To the relief of many disabled workers and their families, the Trump administration announced in July that it would withdraw the rule. The Department of Labor claimed that the executive branch lacked the statutory authority to repeal the provision unilaterally, given that the FSLA states that the labor secretary “shall” issue 14(c) certificates.
By withdrawing the proposed rule, the Trump administration recognized the divide between disability-rights advocates and disabled workers and their families. In a 2022 ProPublica report on Missouri’s subminimum-wage program, for example, the author notes that “disability rights advocates have lamented [sheltered workshops] and their low wages, calling them discriminatory and exploitative.” But, to her surprise,“[d]isabled adults and their families” in the state “seemed to strongly support sheltered workshops,” “didn’t focus on the low pay or the dearth of other opportunities,” and often were “grateful for the jobs that the facilities offered.”

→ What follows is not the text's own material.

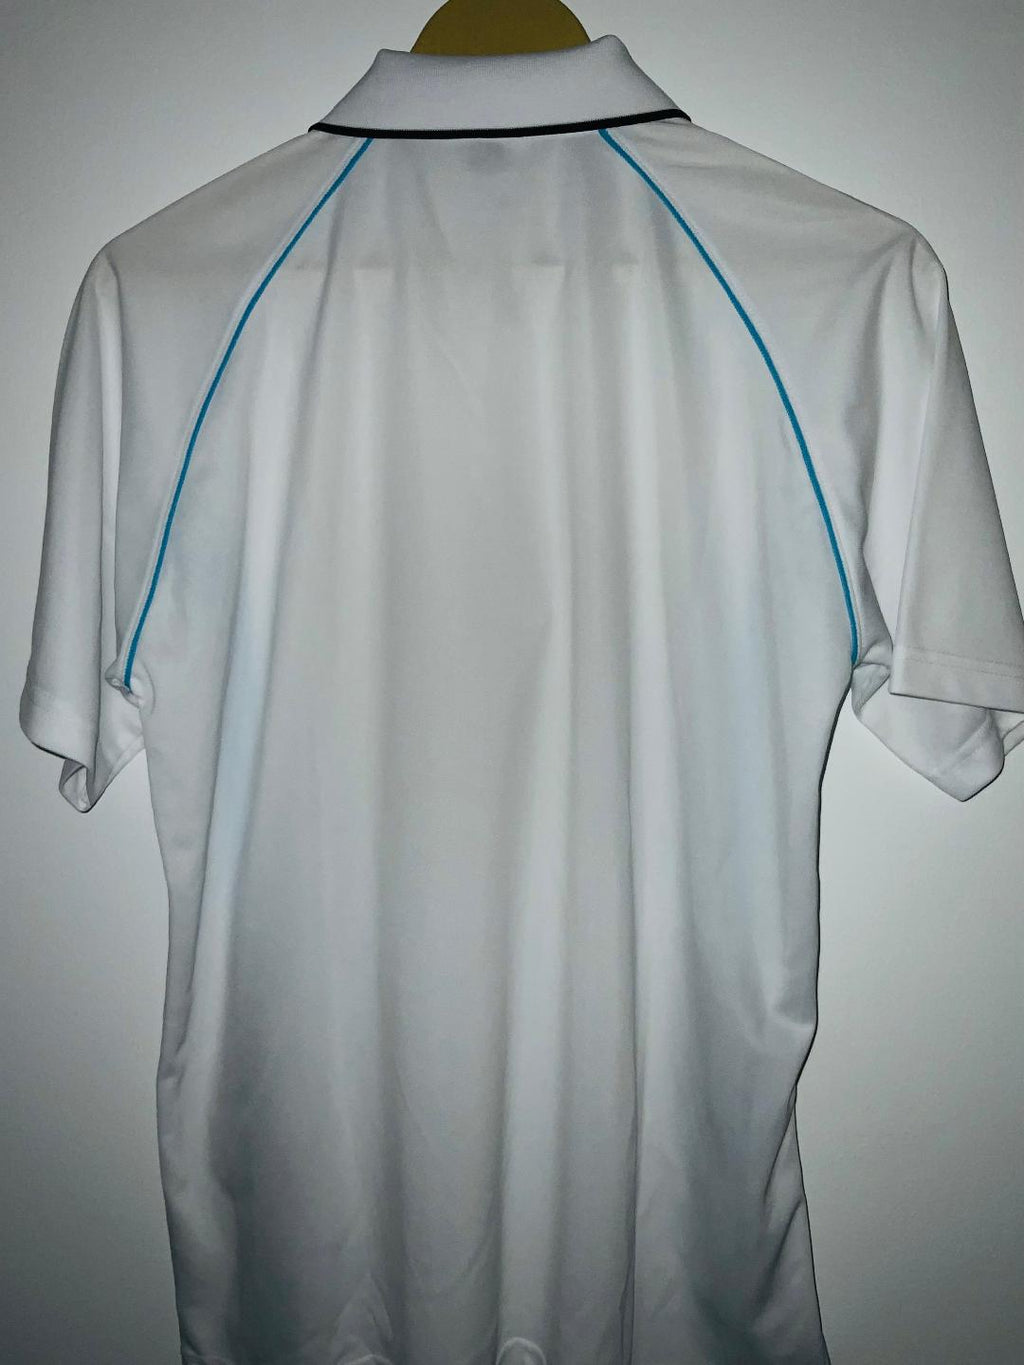 TWOROY Camiseta tipo Polo con cortes. Talla XL

But even if workers and their families are satisfied with sheltered workshop employment, opponents of the 14(c) program have insisted that paying disabled workers a subminimum wage inherently violates their dignity. The American Association of People with Disabilities opposes the subminimum wage on grounds that the disabled “deserve the dignity of a fair wage.” The National Association of Councils on Developmental Disabilities claimed that the continued operation of the 14(c) program “is incompatible with the values of equality, dignity, and inclusion that we strive for in today’s society.”
Yet many disabled people find that the act of work itself—regardless of compensation—enhances their dignity. In some cases, it also builds skills necessary to live with greater independence. “I liked working with my hands in woodwork,” a former 14c worker told the Government Accountability Office after the state abolished the subminimum wage. And in an extreme example that illustrates the principle, Christine Lamphere, a former resident of a now-shuttered state residential facility in Vermont, recalled enjoying her work in the institution’s dining room and with the nursing staff. As an institutionalized patient before the abolition of peonage, she almost certainly worked without pay. Nevertheless, years later, she claimed that she liked the work and suggested that it contributed to her ability to live independently. “I think if I didn’t go down there, I think I’d be in a group home by now,” she said. “I couldn’t take care of myself. I’d probably be in some group home.”
While Lamphere’s case illustrates how even unpaid work can provide dignity, her case is distinct from those of today’s 14(c) workers—not only because of pay but also because many of today’s subminimum-wage workers are more severely disabled than she is and are unlikely ever to live independently. For them, the alternative to subminimum-wage employment is often not a full-time job, but day programs or simply sitting at home. The 14(c) program allows these workers to retain their jobs, maintain their dignity, and to live as close to a normal life as possible.